DATA RECORDS:
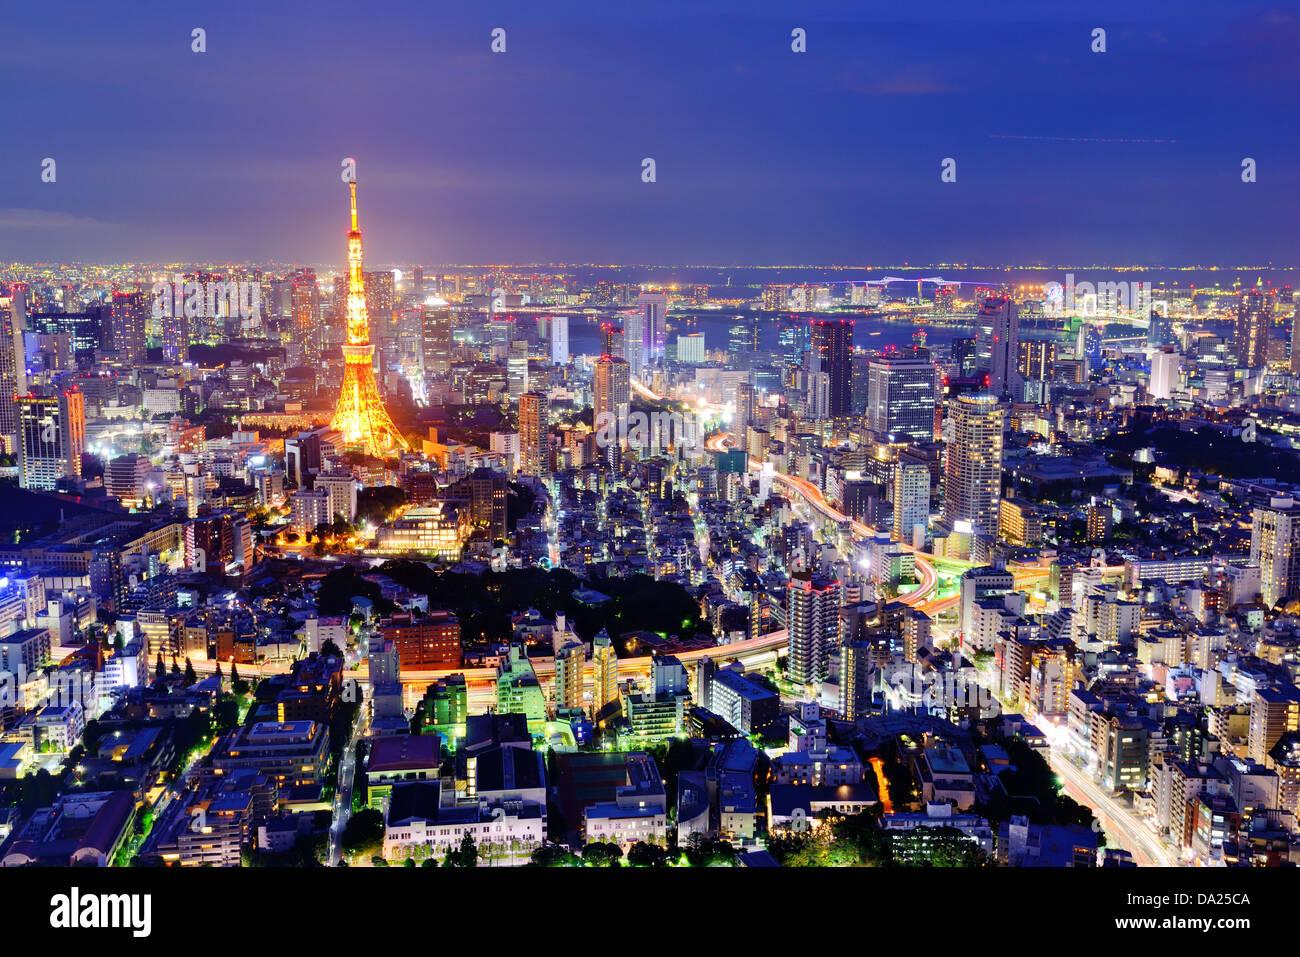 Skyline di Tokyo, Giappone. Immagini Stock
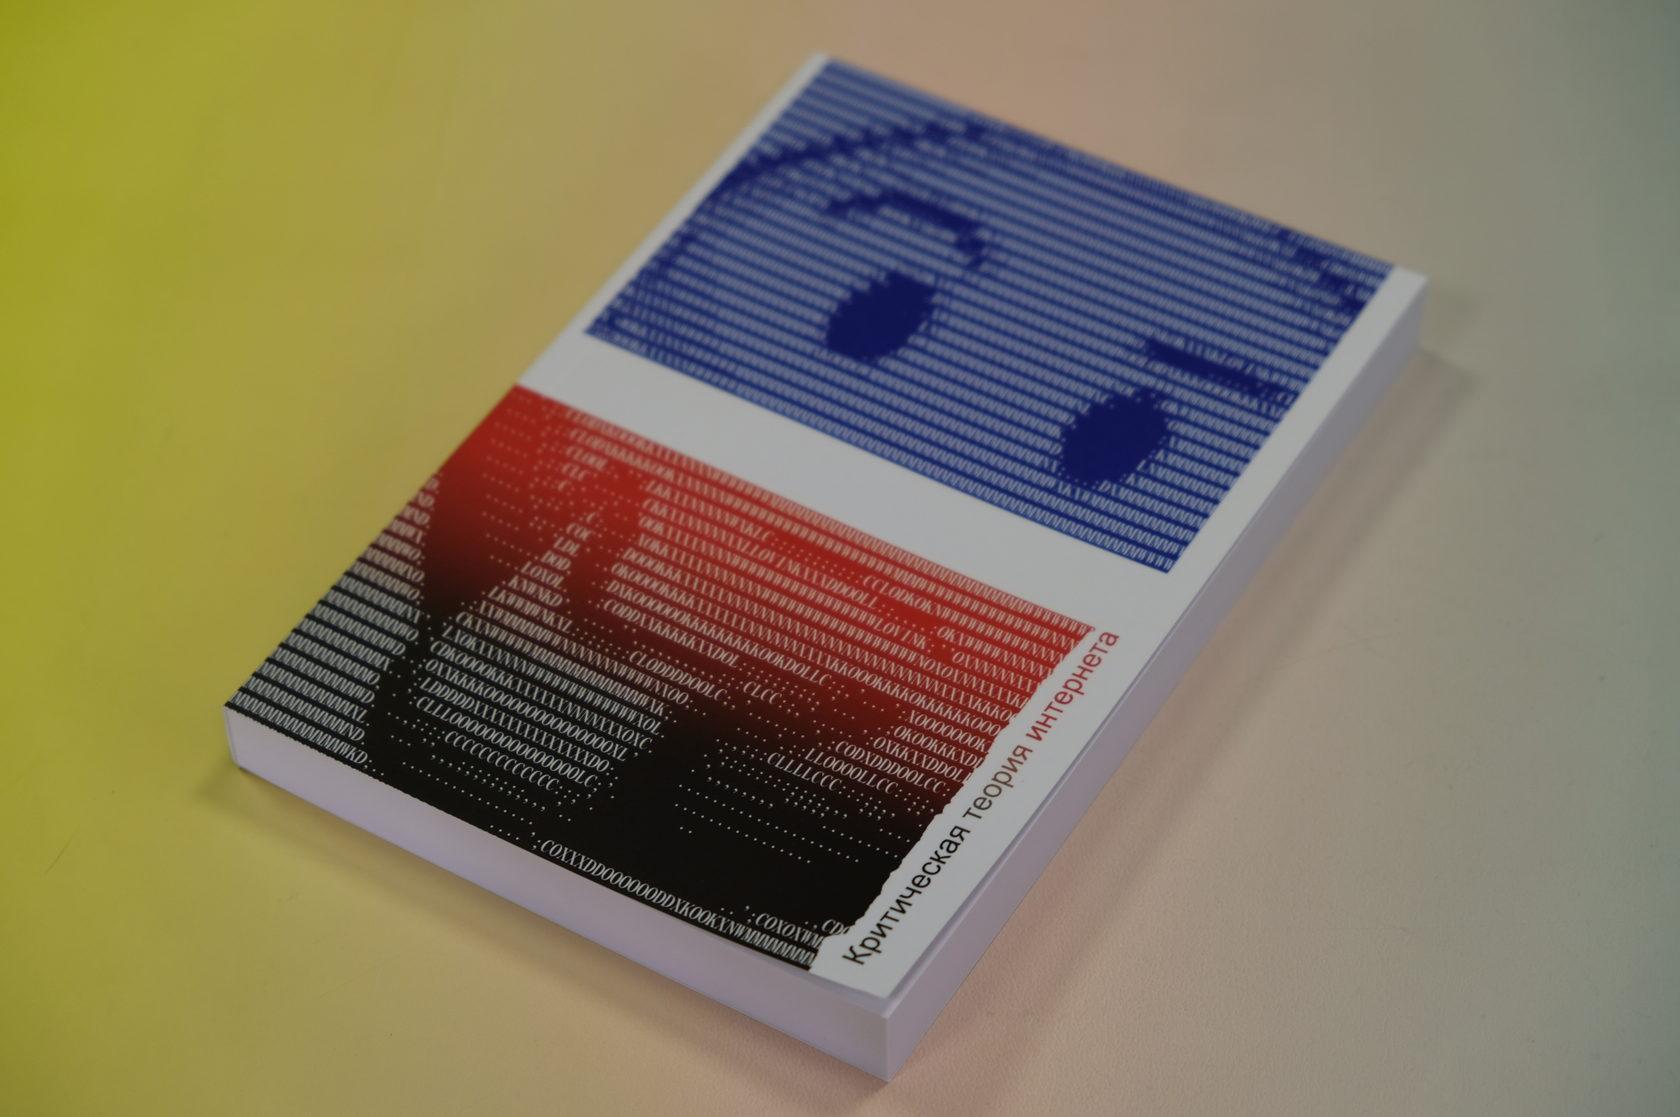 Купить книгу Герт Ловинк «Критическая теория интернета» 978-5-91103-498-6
* * *
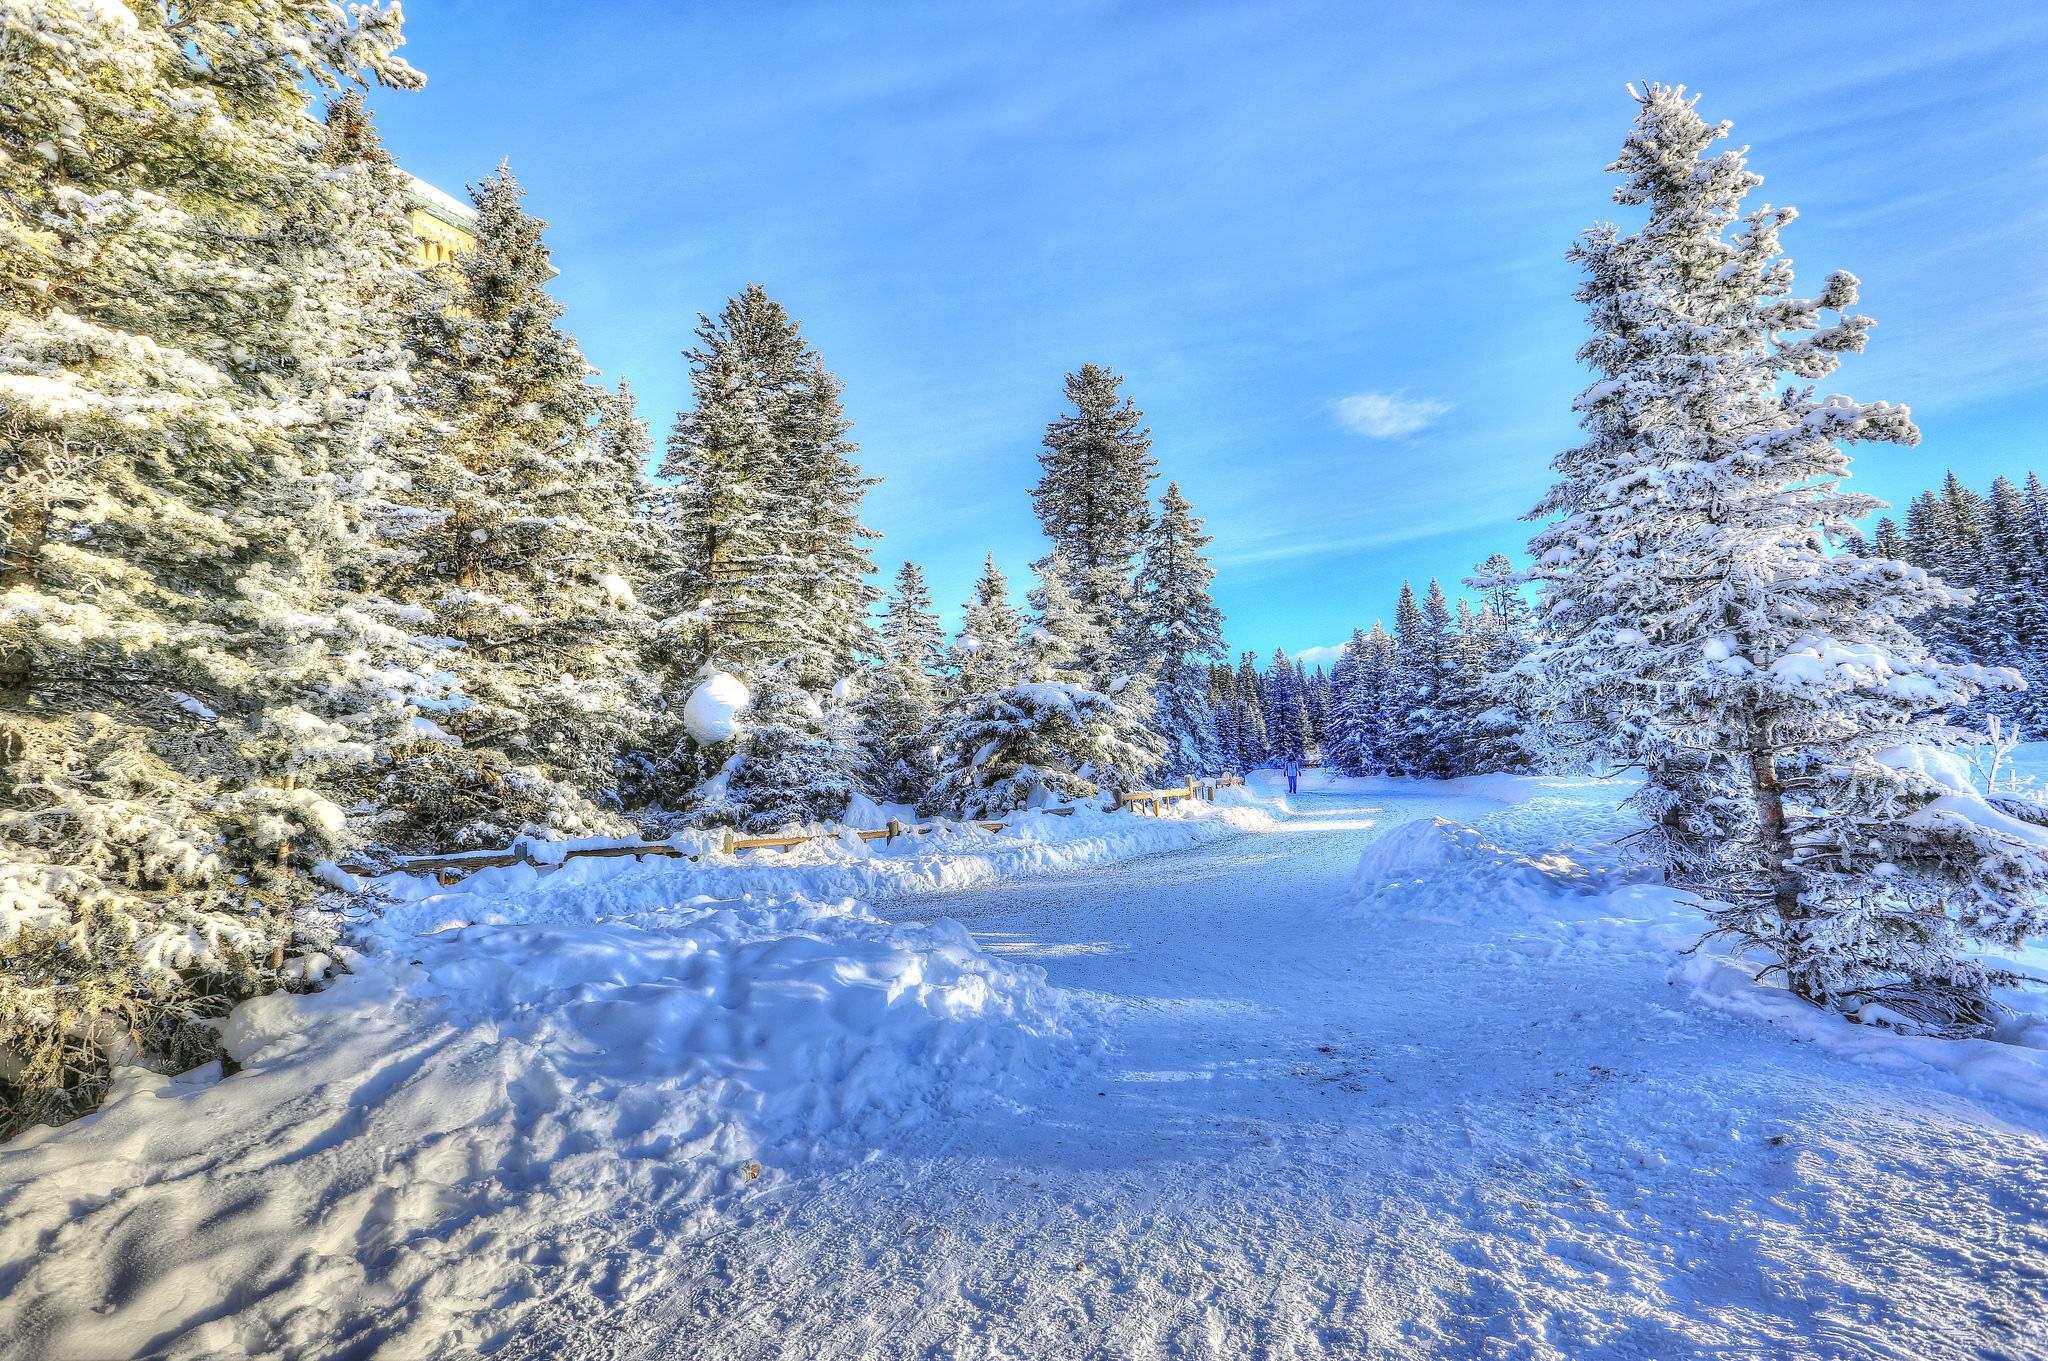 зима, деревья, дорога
---
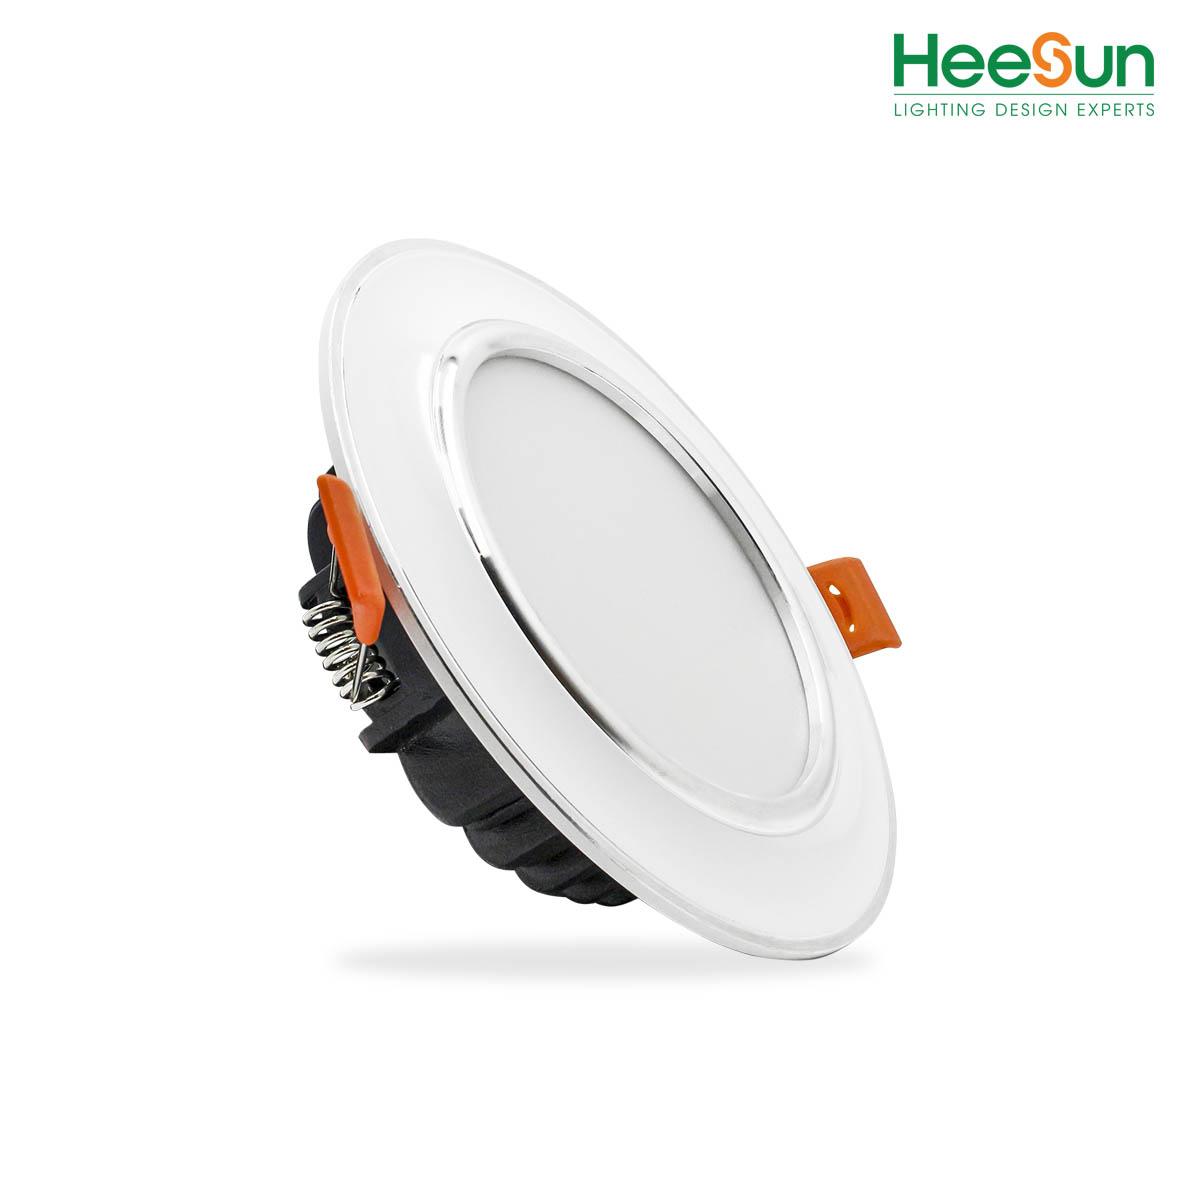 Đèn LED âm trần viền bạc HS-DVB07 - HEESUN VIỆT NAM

TASK DIRECTIONS: Looking at the listing above, which lines run from the one containing "Skyline di Tokyo, Giappone. Immagini Stock" through the one containing "Купить книгу Герт"? Print exactly those, ends included, pictures excluded.

OUTPUT FOR THIS TASK:
 Skyline di Tokyo, Giappone. Immagini Stock
 Купить книгу Герт Ловинк «Критическая теория интернета» 978-5-91103-498-6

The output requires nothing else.